## Data section

>>>>>

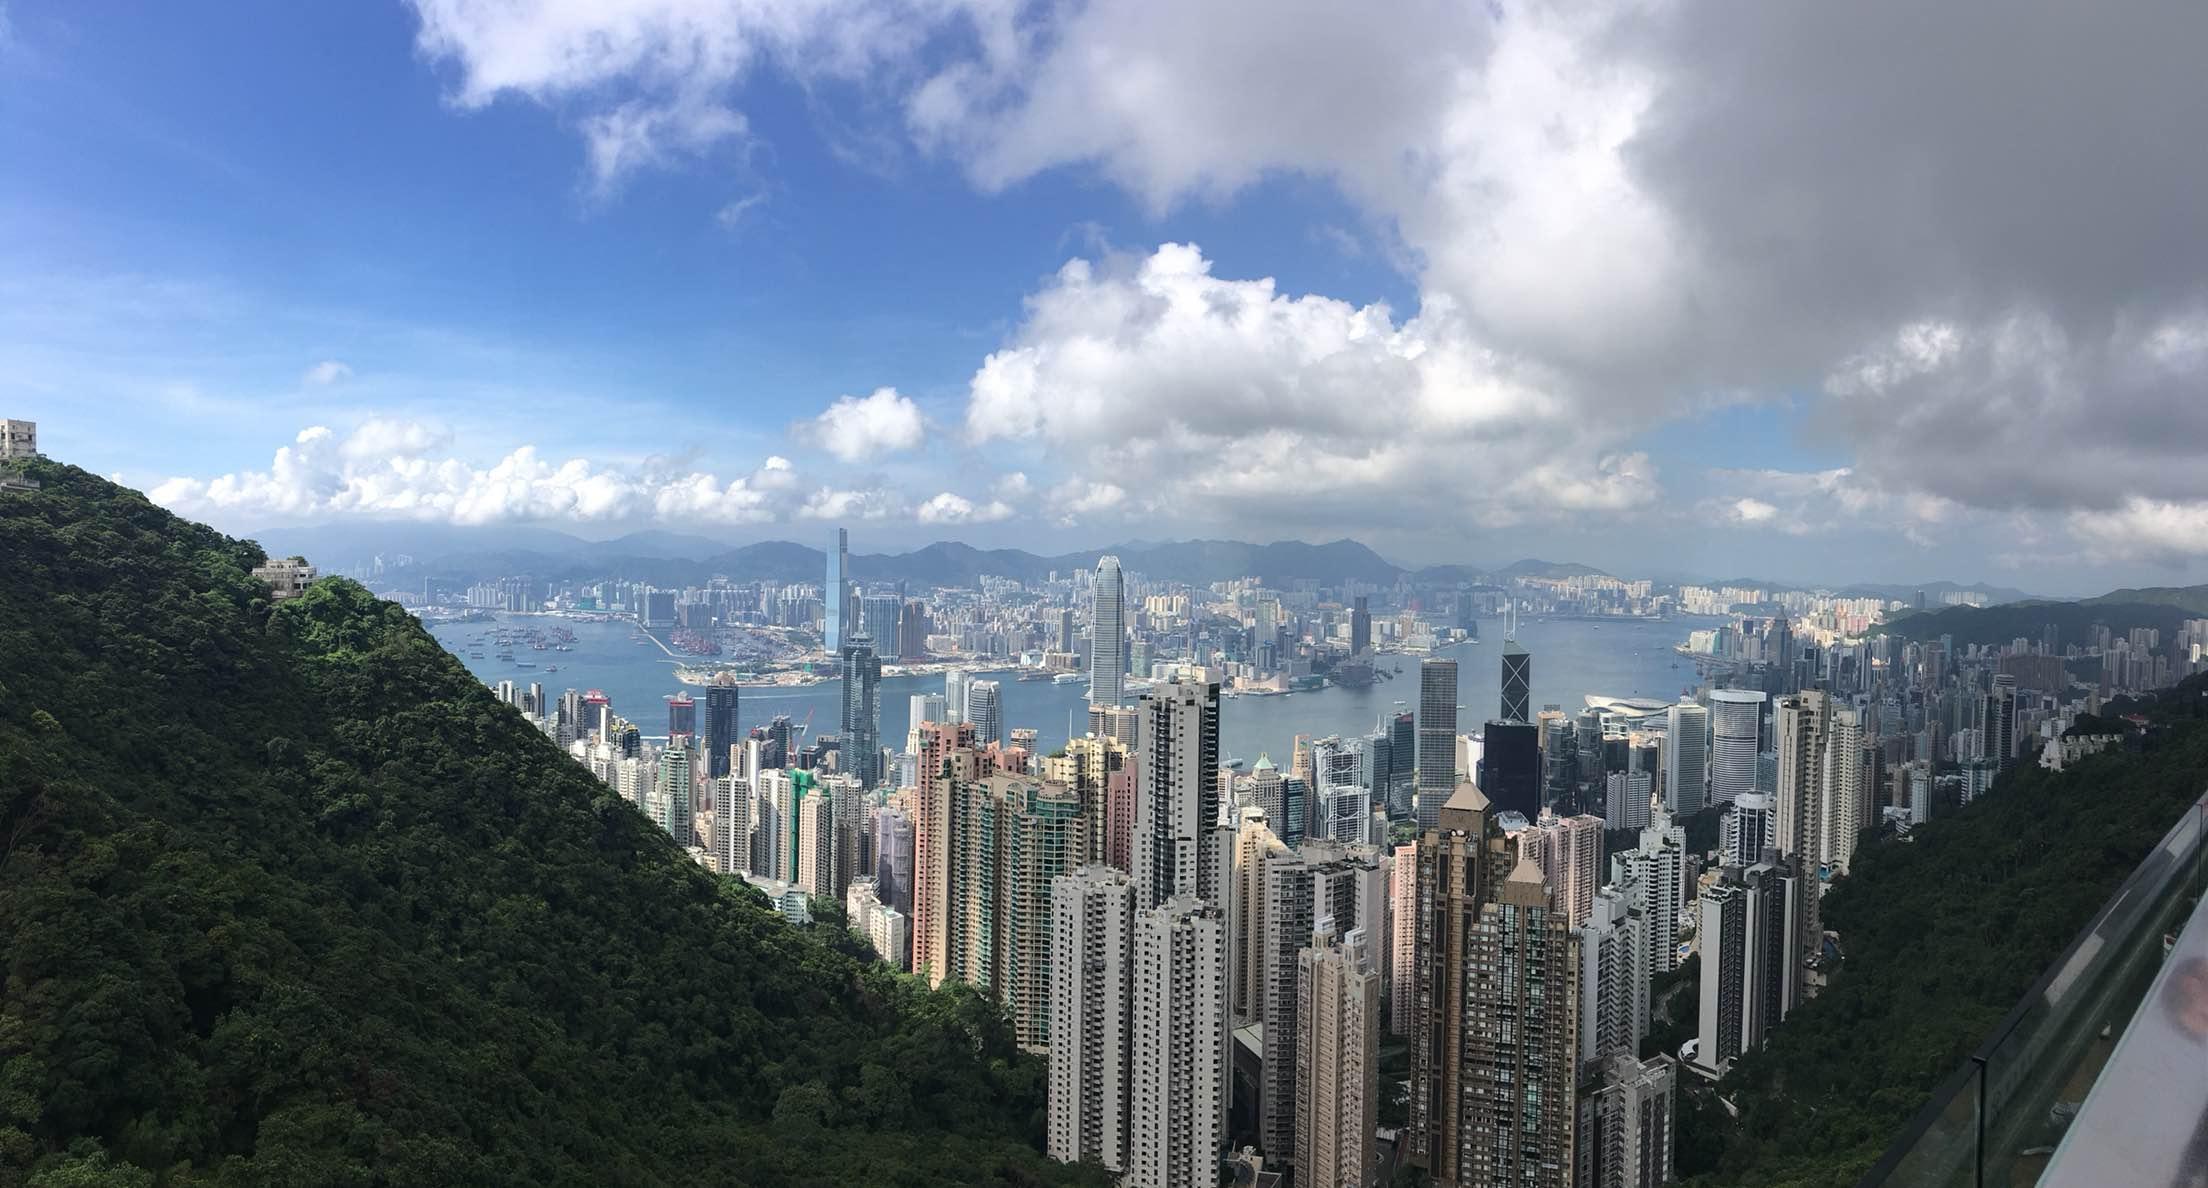 太平山山頂風景很美,香港一覽無余.杜莎夫人蠟像館也很有意思.
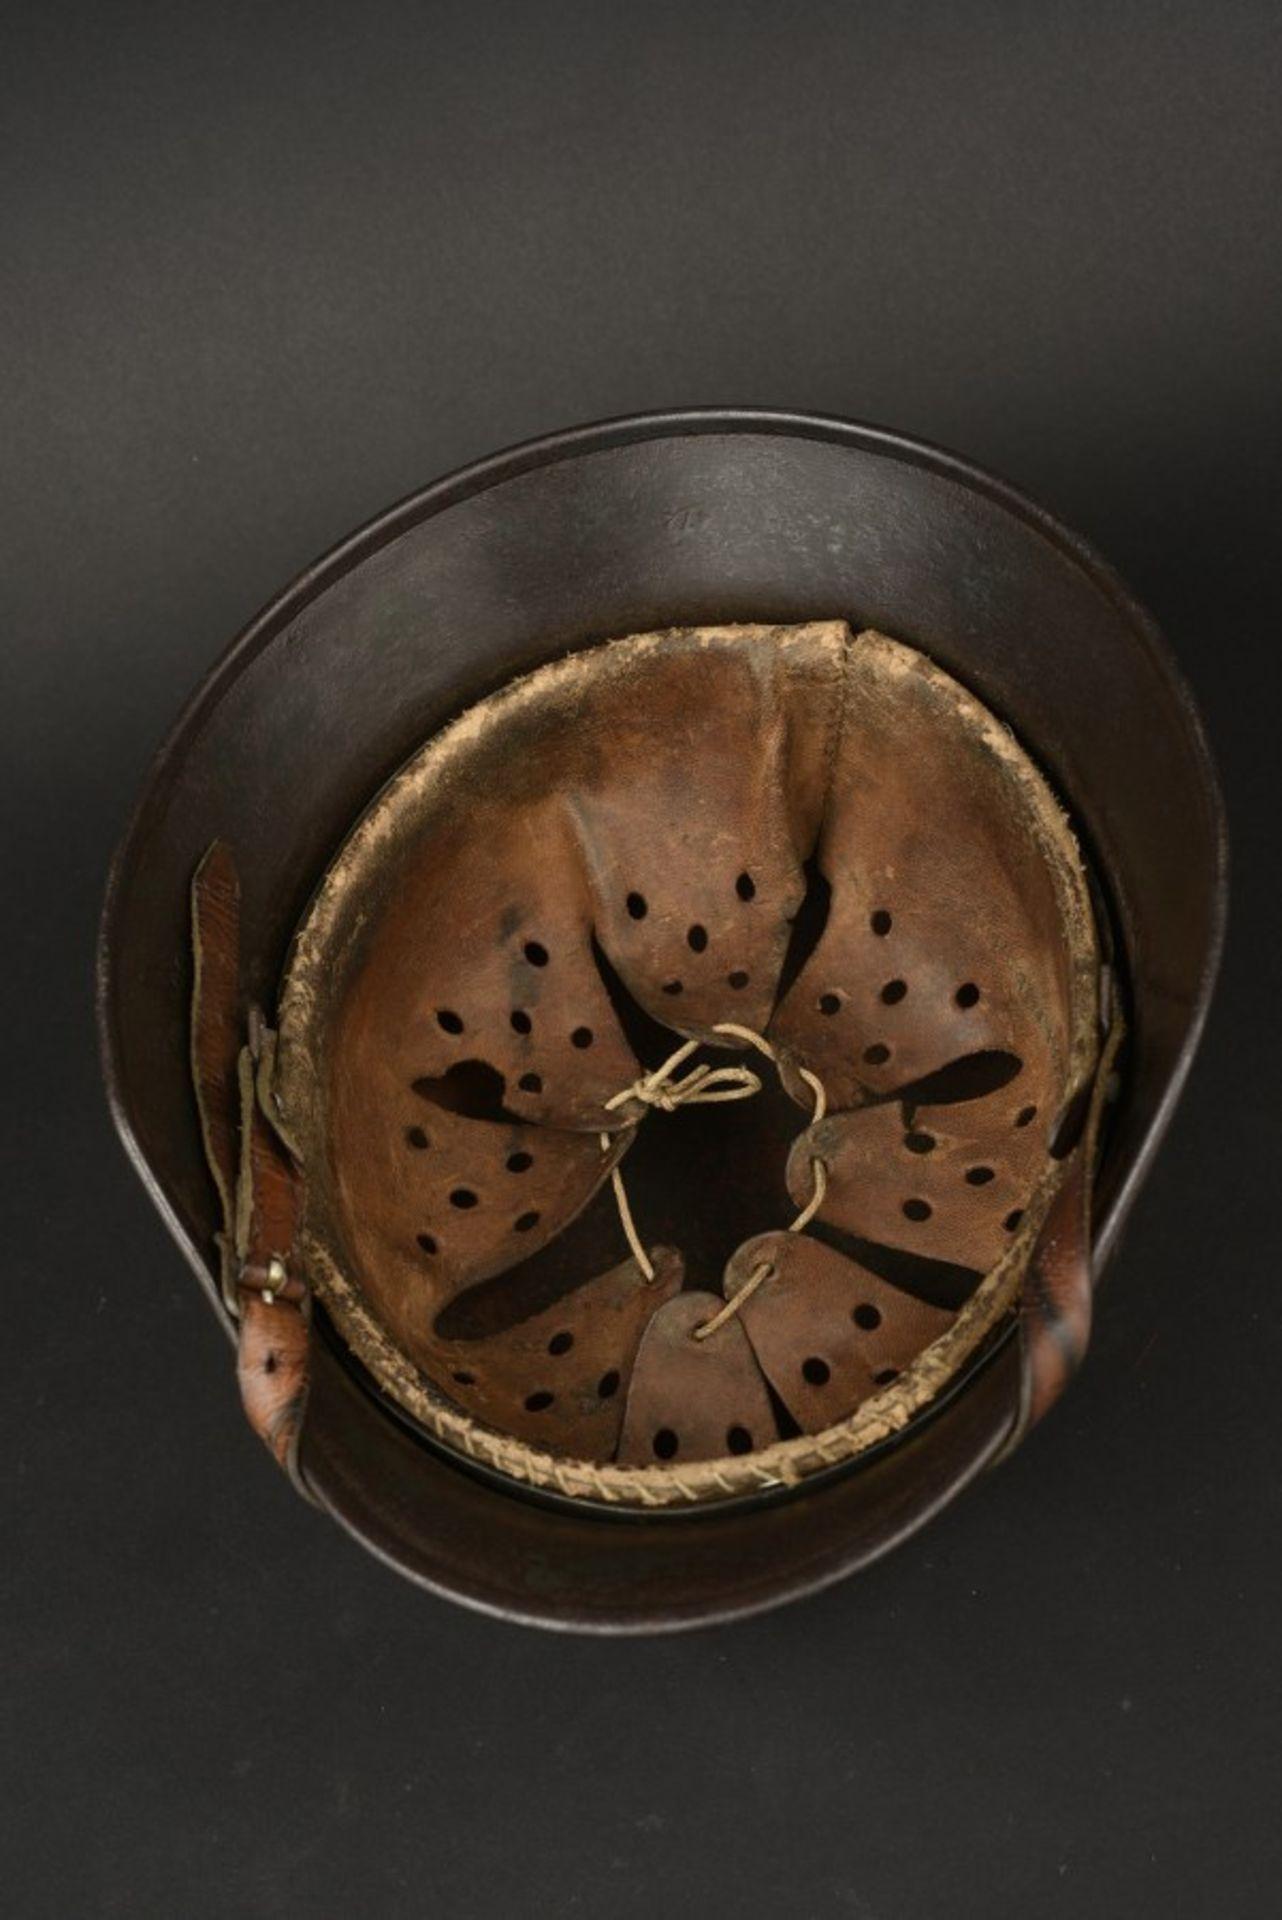 Casque SS camouflé double insigne du SS Ostuf A Linke. Helmet belonging to Ostuf A. Linke, bearing - Bild 3 aus 4
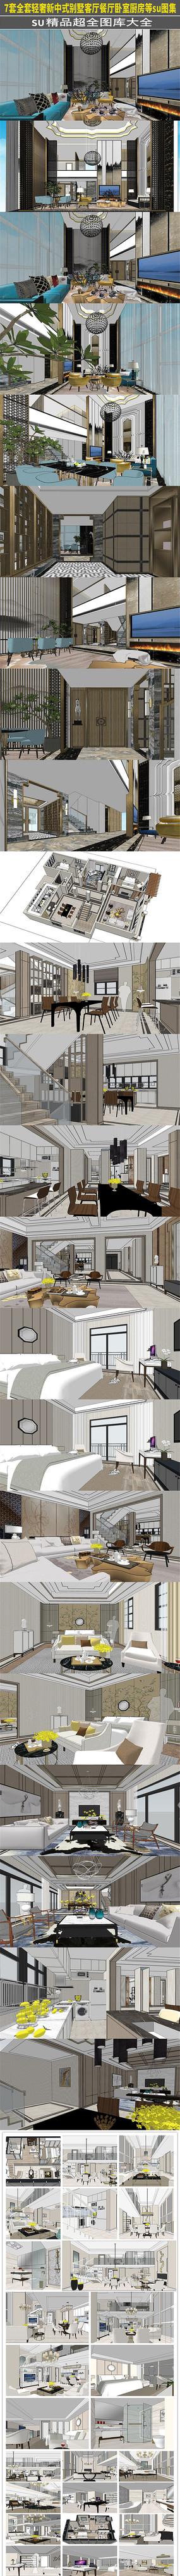 7套轻奢新中式别墅客厅餐厅卧室卫生间厨房

<<<<<

## Task details
What you return should be all of the material above, exactly, and none of its pictures.

## Your solution
 太平山山頂風景很美,香港一覽無余.杜莎夫人蠟像館也很有意思.
 Casque SS camouflé double insigne du SS Ostuf A Linke. Helmet belonging to Ostuf A. Linke, bearing - Bild 3 aus 4
 7套轻奢新中式别墅客厅餐厅卧室卫生间厨房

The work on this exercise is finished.